04 July 2023 | Tuesday | News
Lunit's chest X-ray AI analysis solution 'Lunit INSIGHT CXR'
Findings from a recent study demonstrate that medical AI solutions with only high diagnostic accuracy can significantly improve the reading performance of radiologists.
Lunit (KRX:328130.KQ), a global provider of AI-powered cancer diagnostics solutions, today announced the publication of a study exploring the impact of medical AI solutions' accuracy on radiologists' diagnostic determination. The study, conducted by Seoul National University Hospital from December 2015 to February 2021, was recently published in 'Radiology,' a renowned peer-reviewed journal in medical imaging.

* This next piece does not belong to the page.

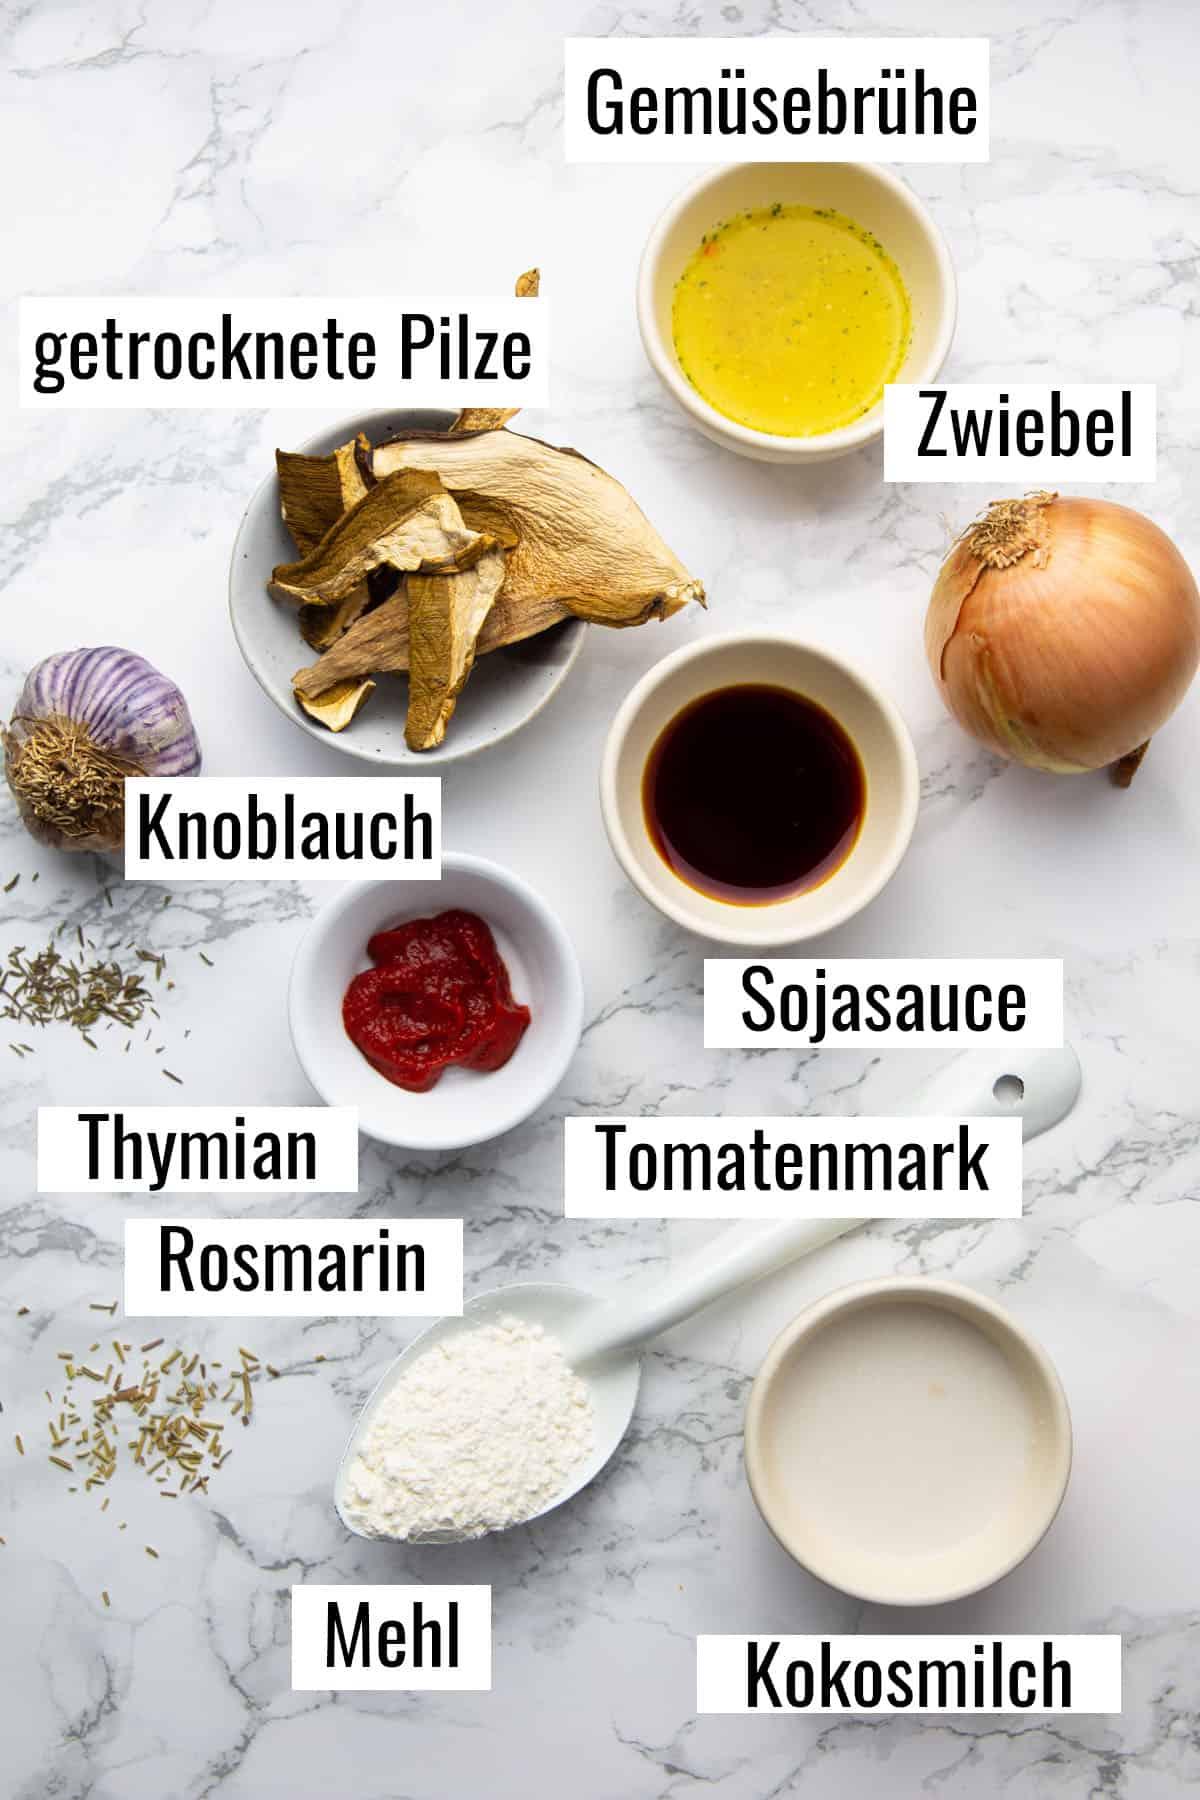 die Zutaten, die man für dieses Rezept benötigt auf einer Marmorplatte

The study involved a cohort of 30 doctors, including 20 board-certified radiologists with 5 to 18 years of expertise and 10 radiology residents with 2 to 3 years of training. A total of 120 retrospectively collected chest radiographs were assessed, with 60 obtained from patients with lung cancer and the remaining 60 showing no abnormalities.
During the first session, the 30 readers were divided into two groups and analyzed 120 chest X-rays each without the assistance of AI. In the subsequent session, each group reinterpreted the images with the aid of either a high-accuracy or low-accuracy AI model.
The high-accuracy AI model utilized in the study was Lunit INSIGHT CXR, Lunit's commercially available AI solution for chest X-ray analysis. In contrast, the low-accuracy model was trained using only 10% of the data available to Lunit INSIGHT CXR. The AUROC (area under the receiver operating characteristic curve), a commonly used metric for diagnostic accuracy, of Lunit INSIGHT CXR was 0.88, while the low-accuracy AI model only reached 0.77.
The study revealed that using the higher-accuracy AI model, Lunit INSIGHT CXR, significantly improved radiologists' performance. The AUROC was remarkably advanced from 0.77 to 0.82 when assisted by the high-accuracy AI model.
Conversely, the radiologists from the other group did not experience any performance improvement when utilizing the low-accuracy AI model, as the AUROC remained at 0.75. Moreover, the group that employed the high-accuracy AI model demonstrated a higher susceptibility to AI suggestions. The radiologists accepted 67% of AI recommendations that contradicted the initial reading results, compared to 59% acceptance of the group that utilized the low-accuracy AI model.
Moreover, the study findings highlighted that factors such as radiologists' individual expertise, experience with AI, or attitudes toward AI had negligible impact on their reading performance in the second session. Instead, the accuracy of the AI model and the radiologists' initial diagnostic accuracy emerged as the primary determinant shaping the final diagnostic determination.
These findings underscore the significance of the AI model's performance when radiologists use AI as a second reader. Furthermore, the study demonstrates how such AI assistance can increase radiologists' susceptibility to AI suggestions, ultimately contributing to more accurate diagnoses.
"The study backs that irrespective of radiologists' individual characteristics, the utilization of high-performance AI significantly enhances diagnostic accuracy and fosters a greater acceptance of AI within medical practices," said Brandon Suh, CEO of Lunit. "At Lunit, we are committed to developing AI-powered solutions that not only improve patient outcomes but also augment the expertise of healthcare professionals. This publication is a testament to our dedication to advancing the field of cancer diagnostics through cutting-edge technology."
Radiology, owned and published by the Radiological Society of North America (RSNA), is a prestigious publication with a distinguished Impact Factor of 29.146, making it the number one ranked journal in the field of medical imaging.